# what is the ideal possition for you



## mcpl4life (26 Oct 2004)

what is the ideal cadet position for you and why


----------



## WestieGirl (26 Oct 2004)

Platoon warrant is the ideal position for me. I prefer to work with the cadets and not juts do desk work


----------



## ouyin2000 (27 Oct 2004)

i would say RSM, because even though its involves much paperwork, the corps im with allowes me to continue teaching and being with the cadets.

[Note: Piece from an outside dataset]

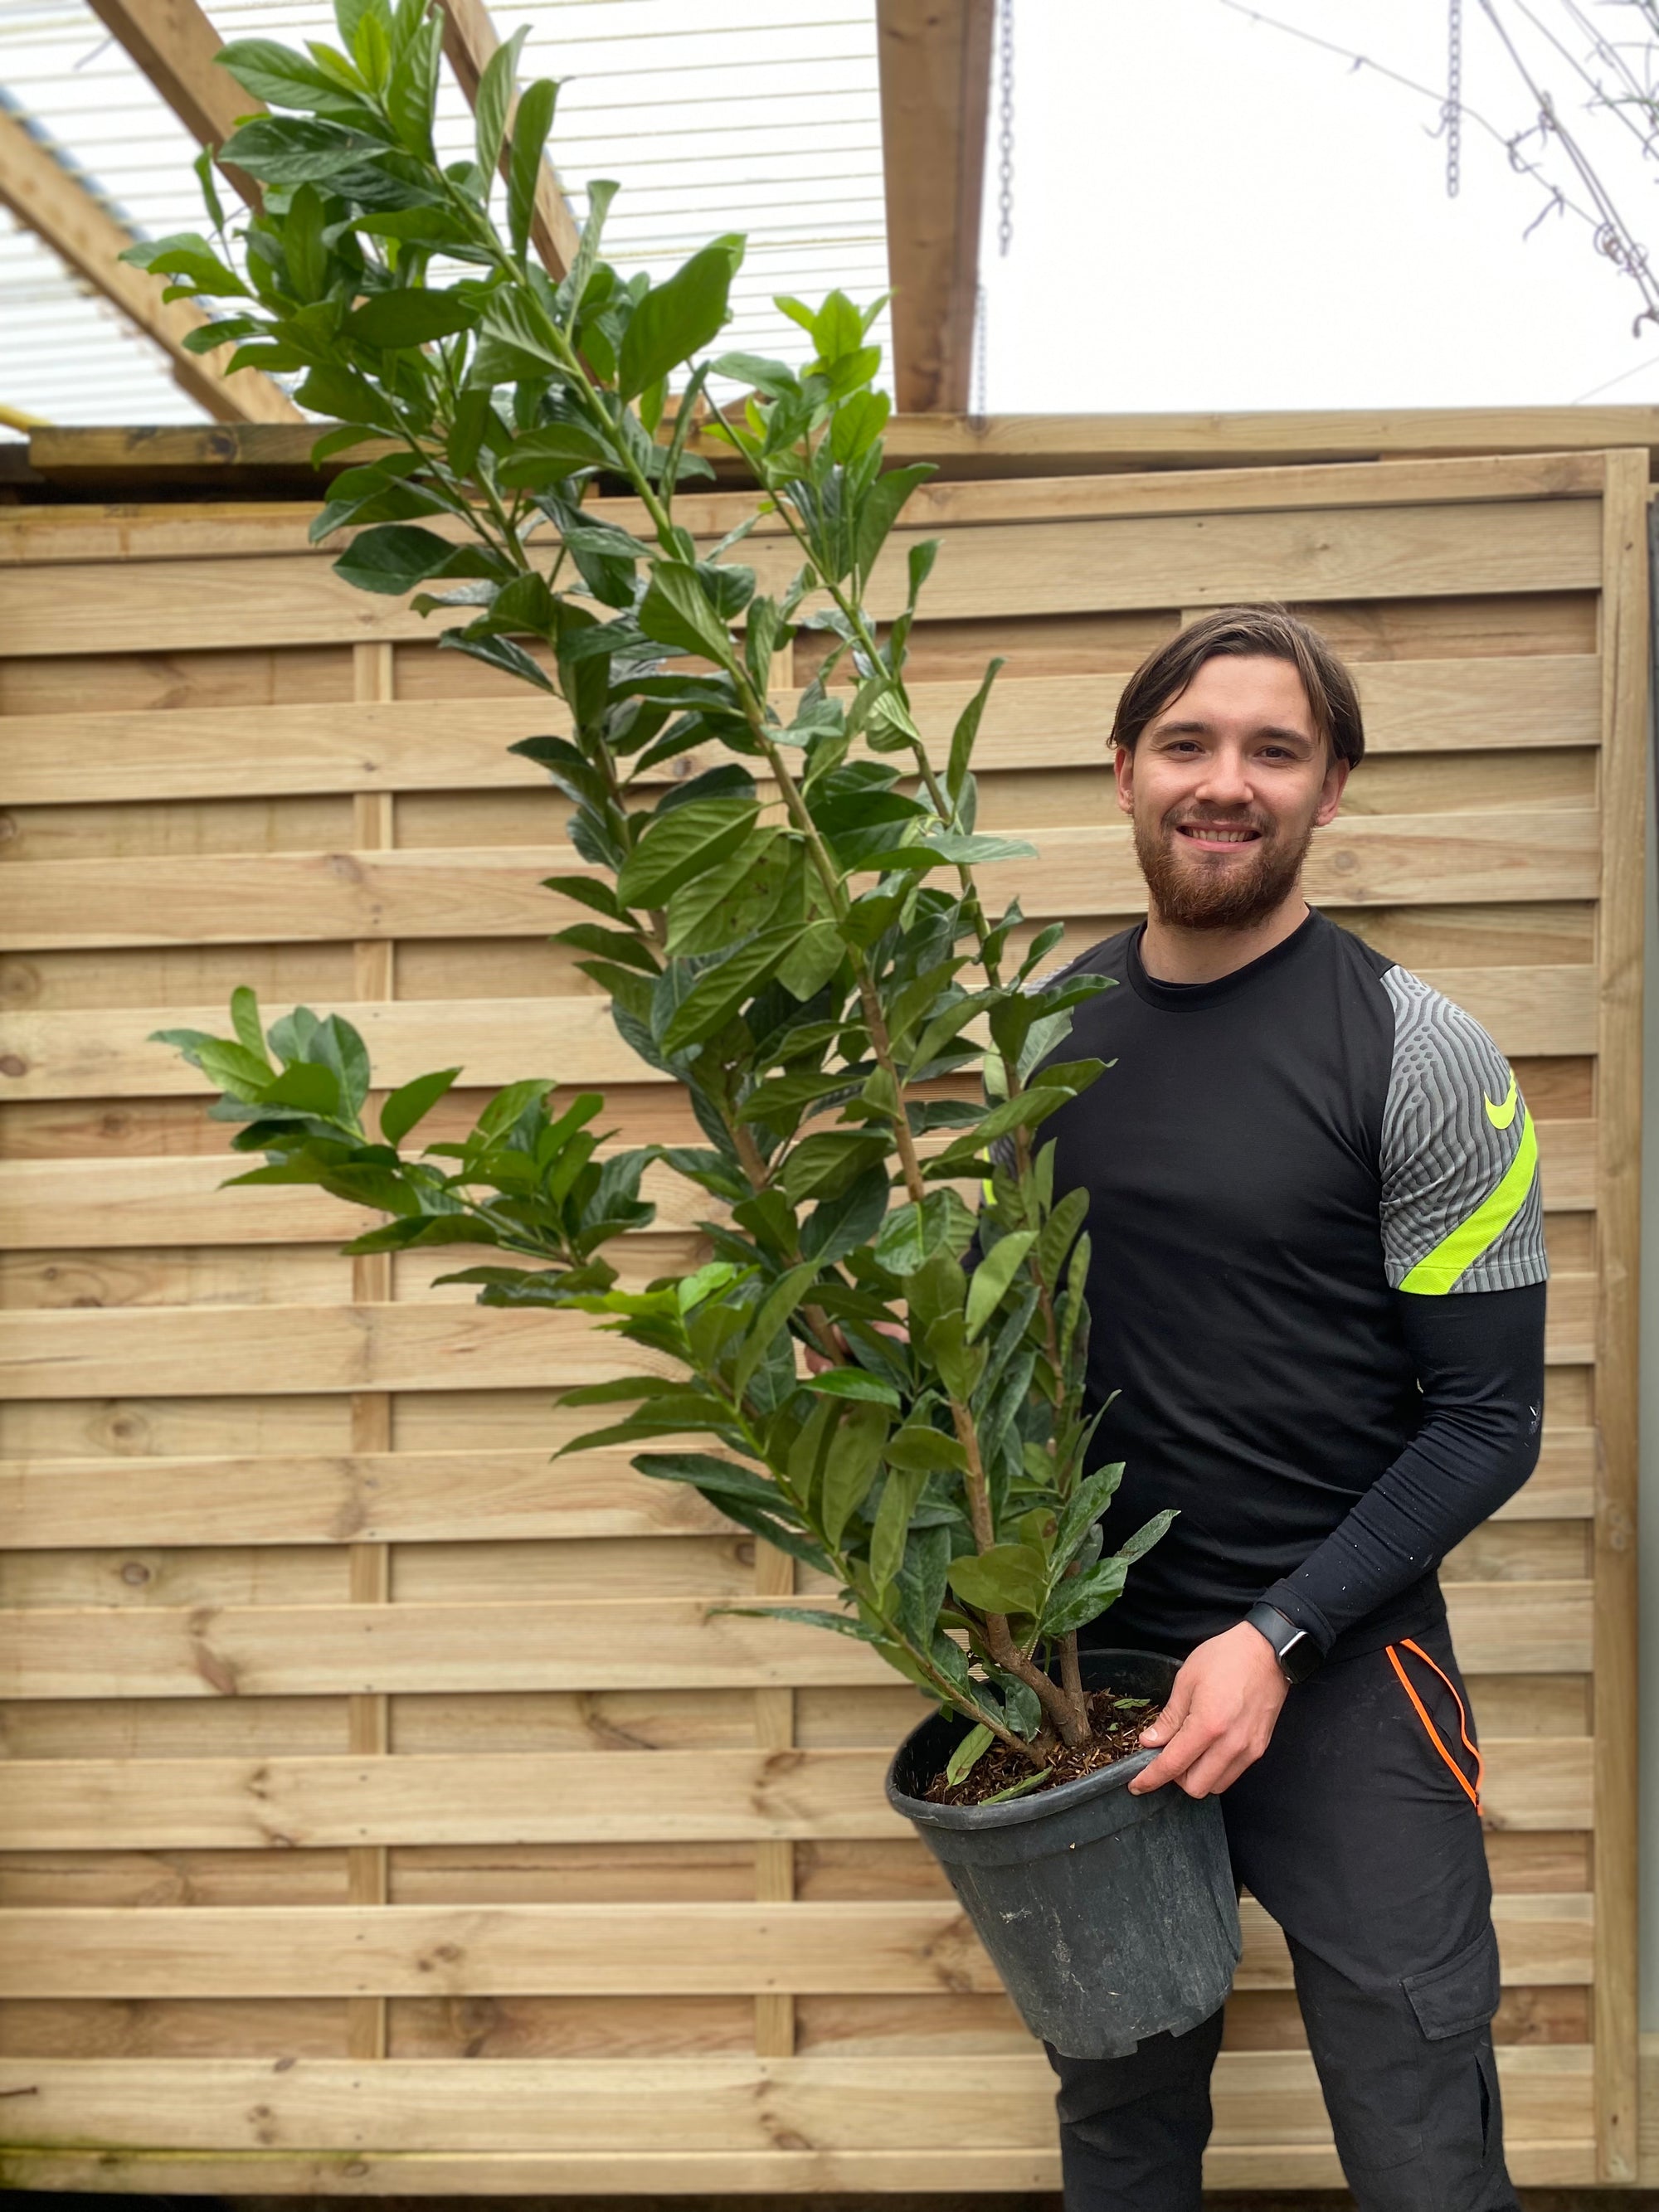 BLACK FRIDAY MEGA DEAL: 5-6ft Potted Cherry Laurel Hedge Plants 150-180cm (Multi-Buy Offers Available)

i enjoy being in front of a parade and giving commands and generally being in charge....power is my high...lol

and probably because my officers have alwasy commented on my excellent drill voice...


----------



## Sgt_McWatt (27 Oct 2004)

I would say RSM as-well but not for the same reason. I would like to be RSM because of the fact that that position sets thee standard for the corp. It is the responsibility of the RSM to set the highest possible example for the corps to follow. I have seen to many CWO's who's out look are "Because I'm a CWO I can do whatever I want." I would like to change that to better my corp and make it the best it can be.
Regards,


----------



## condor888000 (27 Oct 2004)

I would like Flag Commander. I know I'm not going to make the equivelent to the rest in the time I have left, so hopefully I'll be Flag Commander soon.


----------



## Burrows (27 Oct 2004)

WO. McWatt said:
			
		

> I would say RSM as-well but not for the same reason. I would like to be RSM because of the fact that that position sets thee standard for the corp. It is the responsibility of the RSM to set the highest possible example for the corps to follow. I have seen to many CWO's who's out look are "Because I'm a CWO I can do whatever I want." I would like to change that to better my corp and make it the best it can be.
> Regards,




Thats a very good attitude and I second that opinion about the RSM being all "I OUTRANK YOU SO I WIN Ill go light up a joint out back"


----------



## chriscalow (27 Oct 2004)

You didn't have section commander.  When I was in that was my absolute favourite job.  (with the exception of staff cadet sgt.. which I never was), but at my unit, I loved being able to watch and mentor so closely the troopies under my command.  And be able to effectively bring out the best in them.


----------



## GGHG_Cadet (28 Oct 2004)

I chose RSM just because as an RSM I think I could really do some good in my corp. I have been lucky because in my three years as a cadet I have had some very good RSMs but they all lack in their own way be it the way they plan things,the way they never listen to anyone except themselves or the officers, or the way they punish cadets. I think because I have seen the way they have done things I think I could perfect their ways but who knows I will probably have my own imperfection that some Mcpl thinks they can improve upon.


----------



## Burrows (28 Oct 2004)

section commander is now a choice with 5 requests by PM I shall reset the poll if you guys wish it.


----------



## D-n-A (28 Oct 2004)

What kind of paperwork do Cadet RSM's do?
Doing lesson plans or?


----------



## THEARMYGUY (29 Oct 2004)

When I was a cadet, the position where I felt that I did the most for my peers was Plt WO.  My cadets were called on a regular basis and I know that they felt like a team.  How do I know???  Because I asked them!  Communication is the key to good unity.  Cheers.  Remember all you CWO/RSM wannabees.  There can be only one CWO/RSM at a time at your corps.  Don't hold your breath.  Work hard and some day maybe you will get what you want.

Good luck.

Cheers!! 

The Army Guy


----------



## Griswald DME (29 Oct 2004)

{Moderator edit - completely inappropriate, especially on a cadet forum}


----------



## gt102 (29 Oct 2004)

Unless I am horribly misunderstanding you... this is not the place for comments like that, If you feel that you need to make comments like that I reccomemd you find another forum other than this!


----------



## MCpl ??????? (8 Jan 2005)

i chose flag party commander because that is exactly what i am


----------



## Zedic_1913 (8 Jan 2005)

I would choose CWO/RSM.  Not just because I am one, but because the RSM shapes the corps, and develops the leadership potential of the NCOs.  Its not just "a lot of paperwork", at least not in my corps.  With my corps I inspect my NCOs before the rest of the cadets are inspected, and I'm usually down on the floor overseeing things for training, and having regular meetings with the officers and my Sergeant Majors.  RSM is something that most cadets aspire to be ... I know I had always aspired to be the RSM, and worked hard for my entire cadet career to get here.


----------